SQL Server 2005's Apply, Part 1

When a new version of SQL Server is released, you can typically see the benefits of any newly introduced T-SQL features fairly quickly, as well as how you can use them. But some features take longer to discover, and it can be quite a while before people understand their true value and what you can do with them. Such is the APPLY operator that was added in SQL Server 2005. Initially, this feature seemed like just an ordinary language element with a couple of uses—but as time went by, people found very creative and interesting uses for it. This article is the first in a two-part series. In Part 1, I describe the fundamentals of APPLY, using classic examples for demonstration purposes. In Part 2, I’ll cover a few more creative uses that go beyond the fundamentals.

I’d like to thank David Long, a SQL Server Magazine reader who suggested that I write an article about APPLY. Although I’ve touched on specific aspects and uses of APPLY in the past in my blog, this operator certainly deserves more extensive, focused coverage.

CROSS, OUTER, and Implicit APPLY

As I mentioned, I’ll start by describing the fundamentals of the APPLY operator.
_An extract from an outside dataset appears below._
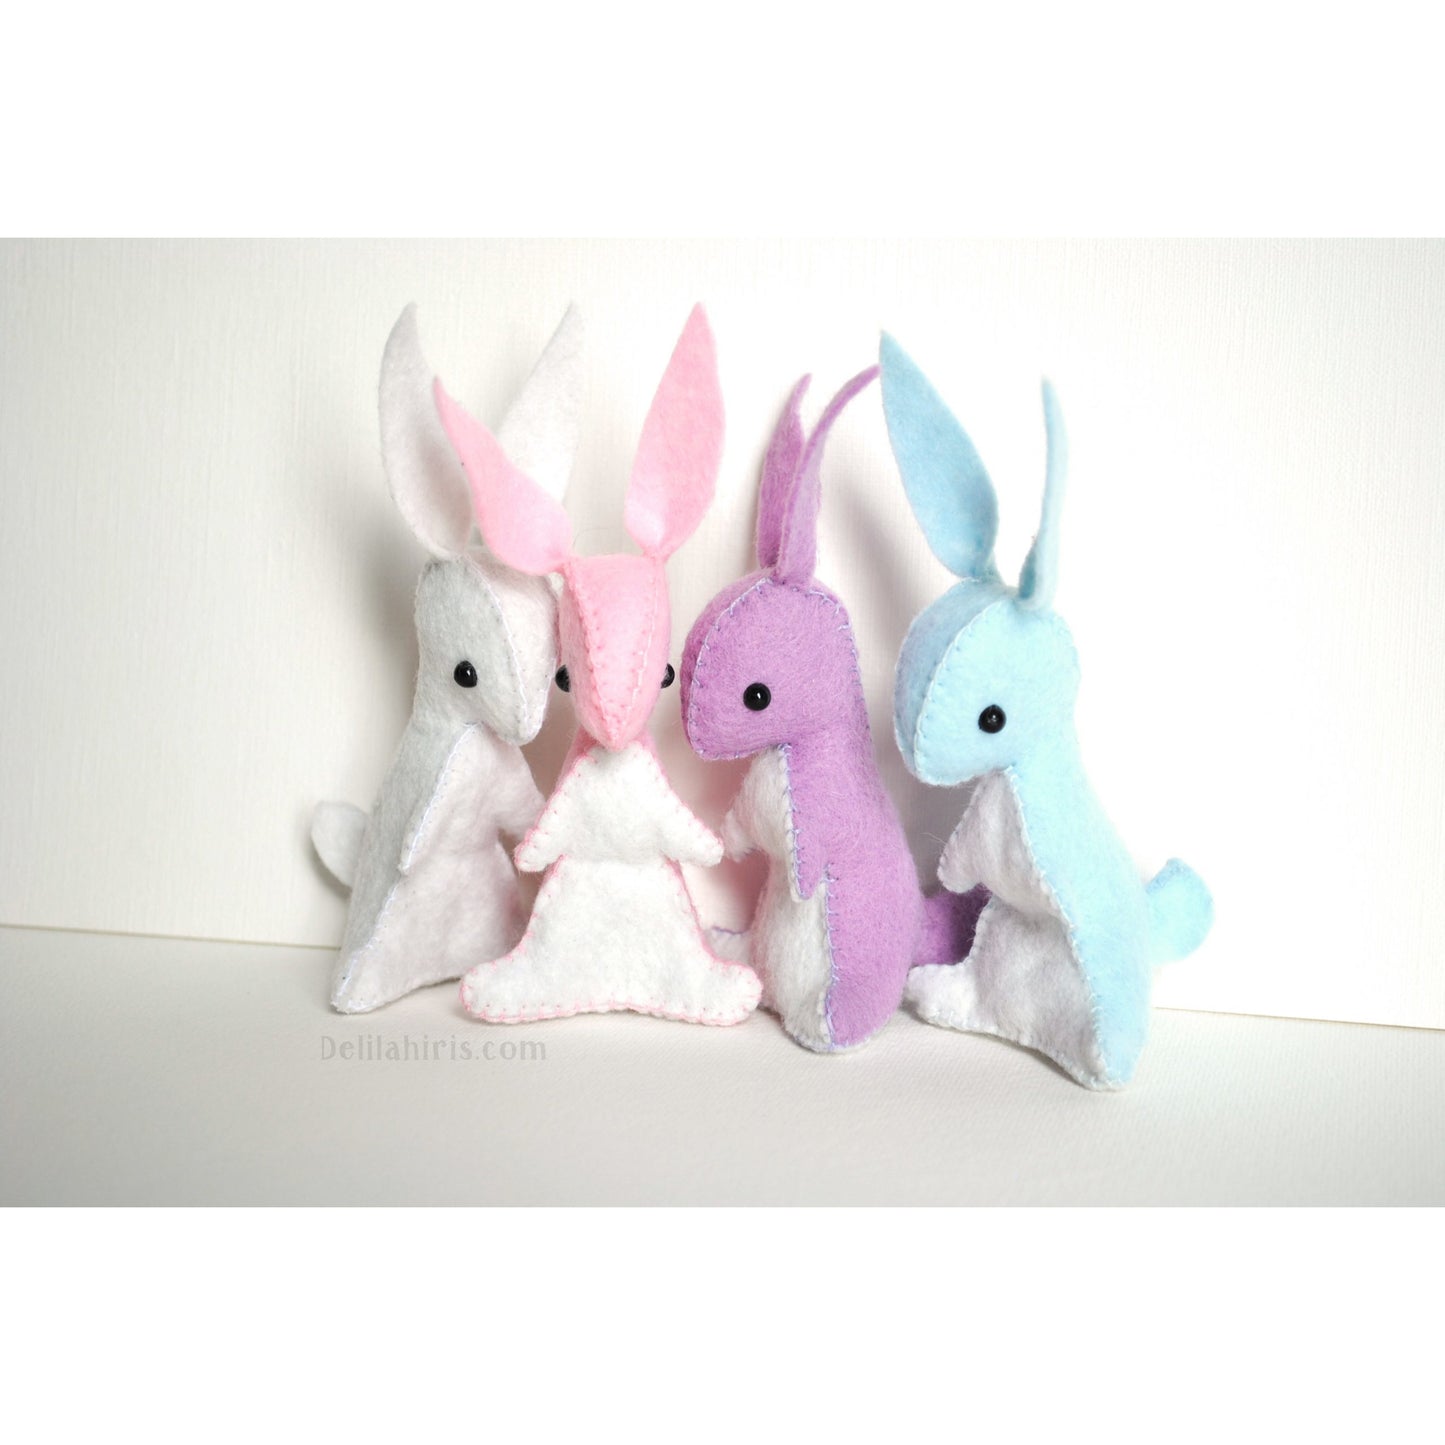 DelilahIris Designs ~ Felt Bunny Sewing Kit

The examples in this section are against a sample database called InsideTSQL2008 that you can download. After you create the sample database, run the following code to add a shipper to the Shippers table and an index to the Orders table:

SET NOCOUNT ON;
USE InsideTSQL2008;

SET IDENTITY_INSERT Sales.Shippers ON;
INSERT INTO Sales.Shippers(shipperid, companyname, phone)
  VALUES(4, N'Shipper 00004', N'(243) 112-6091')
SET IDENTITY_INSERT Sales.Shippers OFF;

CREATE UNIQUE INDEX idx_sid_od_oid_i_eid_cid
  ON Sales.Orders(shipperid, orderdate, orderid)
  INCLUDE(empid, custid);

APPLY is a table operator. It applies a table expression you provide as its right input to each row from the table you provide as its left input. If this doesn’t make sense yet, don’t worry; often with such language elements, things make more sense when you see an example that demonstrates the use of the feature. But before I show an example, I want to mention that standard SQL supports a similar feature—however, this feature is called LATERAL correlation rather than APPLY. Back to APPLY and an example; suppose that you need to write a query that returns the two most recent orders for shipper 1. You write the following TOP query:

SELECT TOP (2) orderid, orderdate, empid, custid
FROM Sales.Orders
WHERE shipperid = 1
ORDER BY orderdate DESC, orderid DESC;

But what if you need to return the two most recent orders for each of the shippers in the Shippers table? More generally, this problem is known as the TOP N per Group problem—and in our case, N is equal to 2, and the group, or partitioning, element is the shipper. The TOP filter doesn’t support a partitioning option. What you basically want to do is somehow invoke the TOP query that you wrote for a specific shipper against each of the shippers in the Shippers table. Of course, you could define a cursor against Shippers, iterating through the shippers one at a time, but that’s far from being an ideal solution. That’s exactly where the APPLY operator can help you. You provide the Shippers table as the left input to APPLY and a correlated derived table based on the previous TOP query as the right input, and instead of referring to a constant shipper ID in the query filter, you correlate the order’s shipper ID by the shipper’s shipper ID, like so:

SELECT S.shipperid, S.companyname, A.*
FROM Sales.Shippers AS S
  CROSS APPLY
    (SELECT TOP (2) orderid, orderdate, empid, custid
     FROM Sales.Orders AS O
     WHERE O.shipperid = S.shipperid
     ORDER BY orderdate DESC, orderid DESC) AS A;

Figure 1 shows the output of this query.

shipperid   companyname	    orderid	orderdate		 empid	 custid
---------   -------------   --------	-----------------------	 ------	 -------
1	    Shipper GVSUA   11071	2008-05-05 00:00:00.000	 1	 46
1	    Shipper GVSUA   11070	2008-05-05 00:00:00.000	 2	 44
2	    Shipper ETYNR   11077	2008-05-06 00:00:00.000	 1	 65
2	    Shipper ETYNR   11076	2008-05-06 00:00:00.000	 4	 9
3	    Shipper ZHISN   11061	2008-04-30 00:00:00.000	 4	 32
3	    Shipper ZHISN   11058	2008-04-29 00:00:00.000	 9	 6

The left table (Shippers) is aliased as S and the inner table (Orders) is aliased as O. Therefore, to correlate orders to the current shipper, the inner query that’s used to define the correlated derived table A uses the predicate O.shipperid = S.shipperid. Observe in the query that in the SELECT list you’re allowed to refer to attributes from both the left side (identified by S), and the right side (identified by A). Also observe that this query uses the CROSS type of the APPLY operator. With CROSS APPLY, if a row from the left side doesn’t find a match in the right side, the left row isn’t returned—much like in an inner join. There are four shippers at the moment in the Shippers table, with IDs 1, 2, 3, and 4, but only the first three have related orders. Hence, the output of the query that Figure 1 shows doesn’t include shipper 4.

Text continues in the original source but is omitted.